The purpose of these transactions is to manage the interest rate and currency risks arising from the Group’s operations and financing.
It remains the Group’s policy not to hold or issue financial instruments for trading purposes, except where financial constraints
necessitate the need to liquidate any outstanding investments. The treasury function is managed as a cost centre and does not engage
in speculative trading.
The principal financial risks faced by the Group are liquidity/funding, interest rate, foreign currency and counterparty risks. The policies and
strategies for managing these risks are summarised as follows:
(a) Liquidity/funding risk
The risk that the Group could be unable to settle or meet its obligations as they fall due at a reasonable price.

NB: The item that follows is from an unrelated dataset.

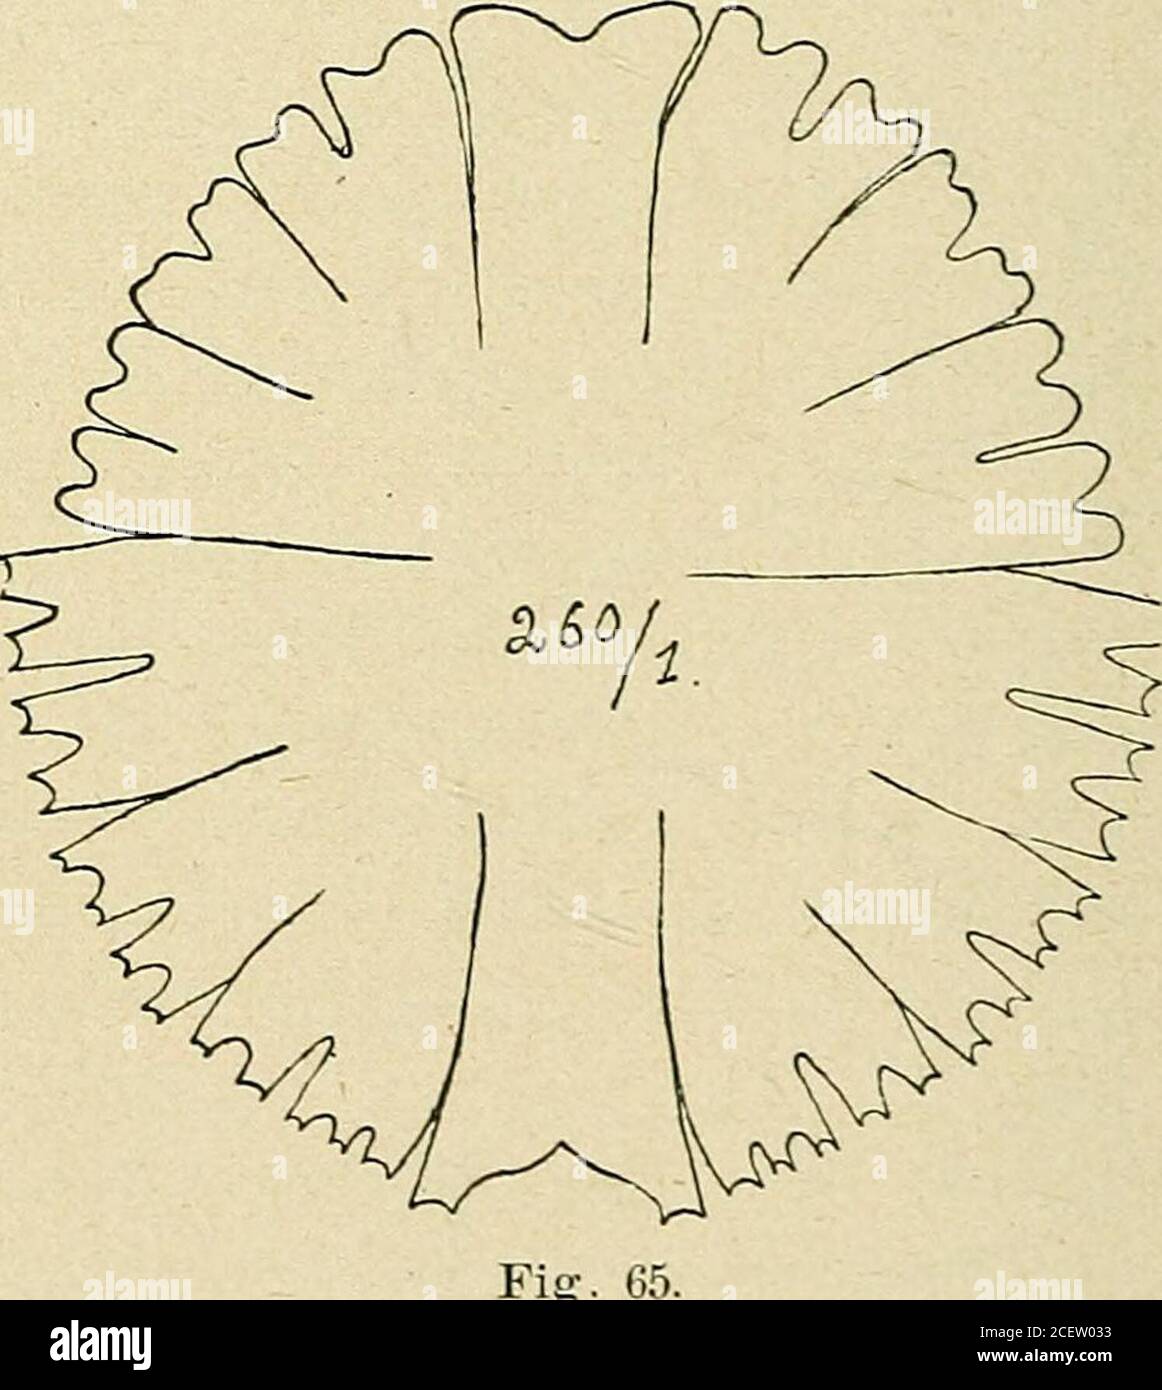 . Bulletin de la Société botanique de Genève. 19 p; lat. isth. 5,5-6 u. Assez rare. 33. Euaslrum montanum West, /?/•//. Desmid.,II, p. 58, pi. XXXIX, fig. 8 = Cosmarium su- breinschii Sclimidle var. Boldtiana Schmidle, Berner Alp., 1894, p. 90,pi. VI, fig. 8. Long. 20-23,5/*; lat. 14,5-19/*; lat. isth. 10,5-11 ^.Voisinage du Todtensee; assez rare. 34. Euastrum insulare (Wittr.) Roy. West, Brit. Desmid., II, p. 68pi. XL, fig. 11-13. Long. 24 //; lat. 14,5 /r, lath. isth. 5 ii. Peu fréquent- 35. Euastrum vèrrucosumEhrenb. Très abondant;Tune des Desmidiacées lesplus communes du Grimsel. 36. Miera Stock Photo

The Group’s funding strategy ensures a mix of funding sources offering flexibility and cost effectiveness to match the requirements
of the Group.
Operating subsidiaries are financed by a combination of retained profits, bank borrowings, medium-term notes and committed syndicated
bank facilities.
At year end, the Group had a committed syndicated bank revolving credit facility of £1.2bn set to mature on 26 March 2013. This facility
contains only one financial covenant being the ratio of earnings before interest, tax, depreciation, amortisation and rents payable; to interest
plus rents payable. The covenant is measured semi-annually. In addition, the term out option under the £400m credit agreement which
expired on 13 February 2009 was converted into a committed facility for the same period, expiring on 11 February 2010. This facility has the
same financial covenant as the main £1.2bn facility. The Group also has a number of undrawn uncommitted facilities available to it. At year
end, these amounted to £105m (last year £155m), all of which are due to be reviewed within a year. At the balance sheet date a sterling
equivalent of £764m (last year £614m) was drawn under the committed facilities and £nil (last year a further £29m) was drawn under the
uncommitted facilities.
In addition to the existing borrowings, the Group has a euro medium-term note programme of £3bn, of which £1.4bn (last year £1.4bn) was
in issuance as at the balance sheet date.